As you might imagine, the intellectual circle-jerkers--probably guys a lot like my hippy pinko professor dad--had a lot to say on the Letters page about this topic today. My favorite:

"If academia is becoming more liberal, perhaps it is the free choice of individuals who feel the country would be better off with policy guided by science and study, rather than by faith and dogma. When conservatives discover the Enlightenment, perhaps more of them will find successful careers in academia."

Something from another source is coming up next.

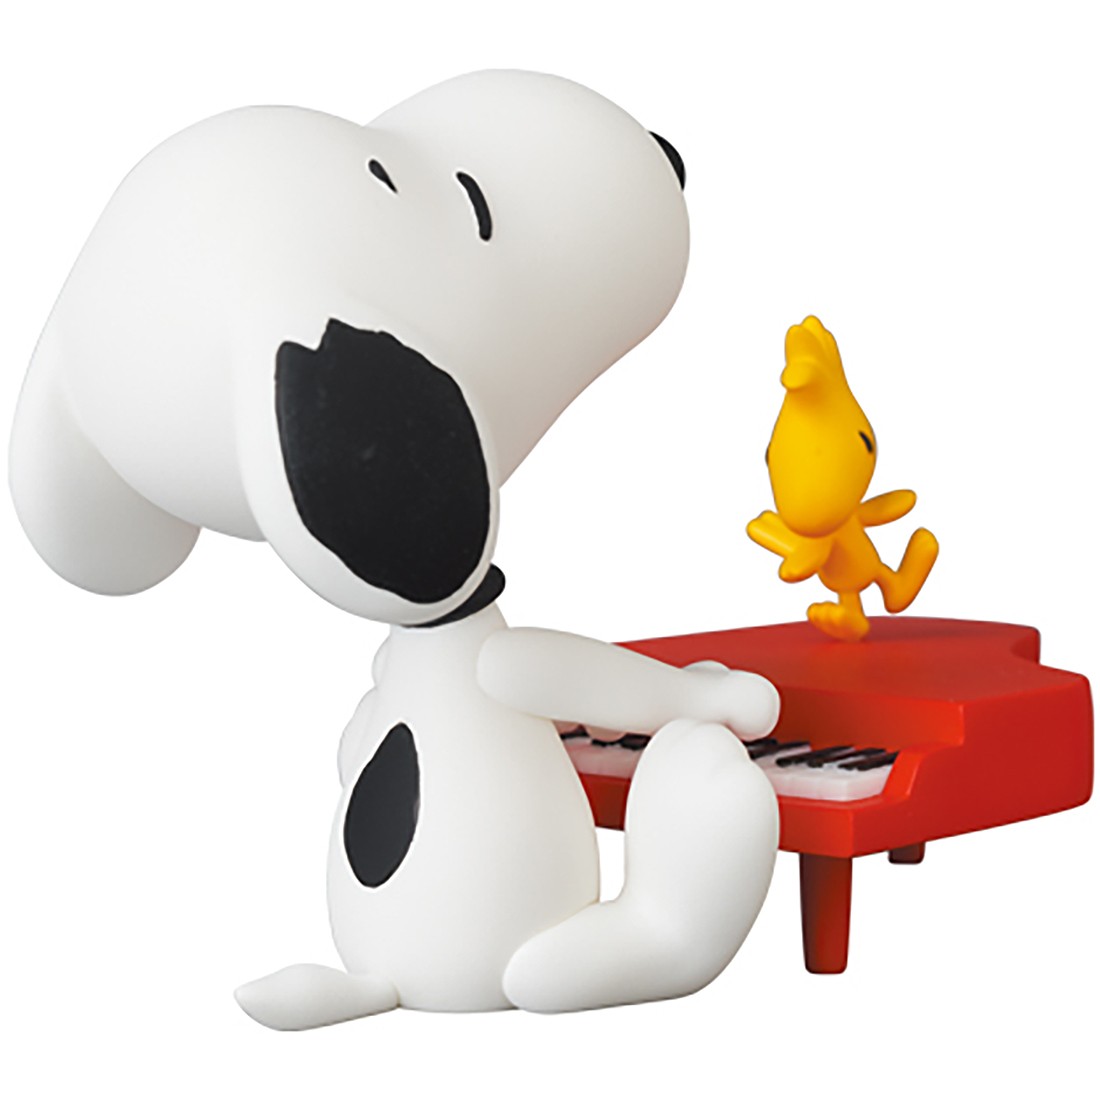 Medicom UDF Peanuts Series 13 Pianist Snoopy Figure red

Snap! And now, analysis. What we are debating here is not really whether academia is "liberal," whatever that means, but whether that is a problem. Mr. Will's beef is that a "filtering process" tends to exclude conservatives, and thus conservative viewpoints, from the Ivory Tower; this leads to aforesaid groupthink and a lack of diversity of thought.

Is it a problem if all academics have the same political leanings? Yes, basically. This argument is a little overdrawn, though; there are many types of liberal, just as there are many types of conservative. If by "liberal" all you mean is "interested in openly exploring a variety of cultures and viewpoints" then I say, that's what higher education is all about. If by "liberal" you mean "secular," then I say, there's a reason that there aren't more biblical literalists teaching biology at colleges and universities. That's because they're wrong, based on the best scientific evidence. Why aren't there more Greenbackers teaching economics at our nation's universities? Exactly. In short, maybe the most educated people in the country are mostly liberal because . . . liberals are right?

Wednesday, December 01, 2004

Bar tricks

On tonight's episode of The West Wing, Leo did a cool trick involving a toothpick and two forks balanced on a wine glass to illustrate to C.J. her importance as the new White House Chief of Staff. My new weekend goal is to master this trick. I'll let you know how it goes.

This is what theocracy looks like

Theocracy Watch: This is a slightly propagandistic but otherwise very cool project of Cornell's Center for Religion, Ethics and Social Policy. I especially recommend reading their history of the religious right's takeover of the Republican party.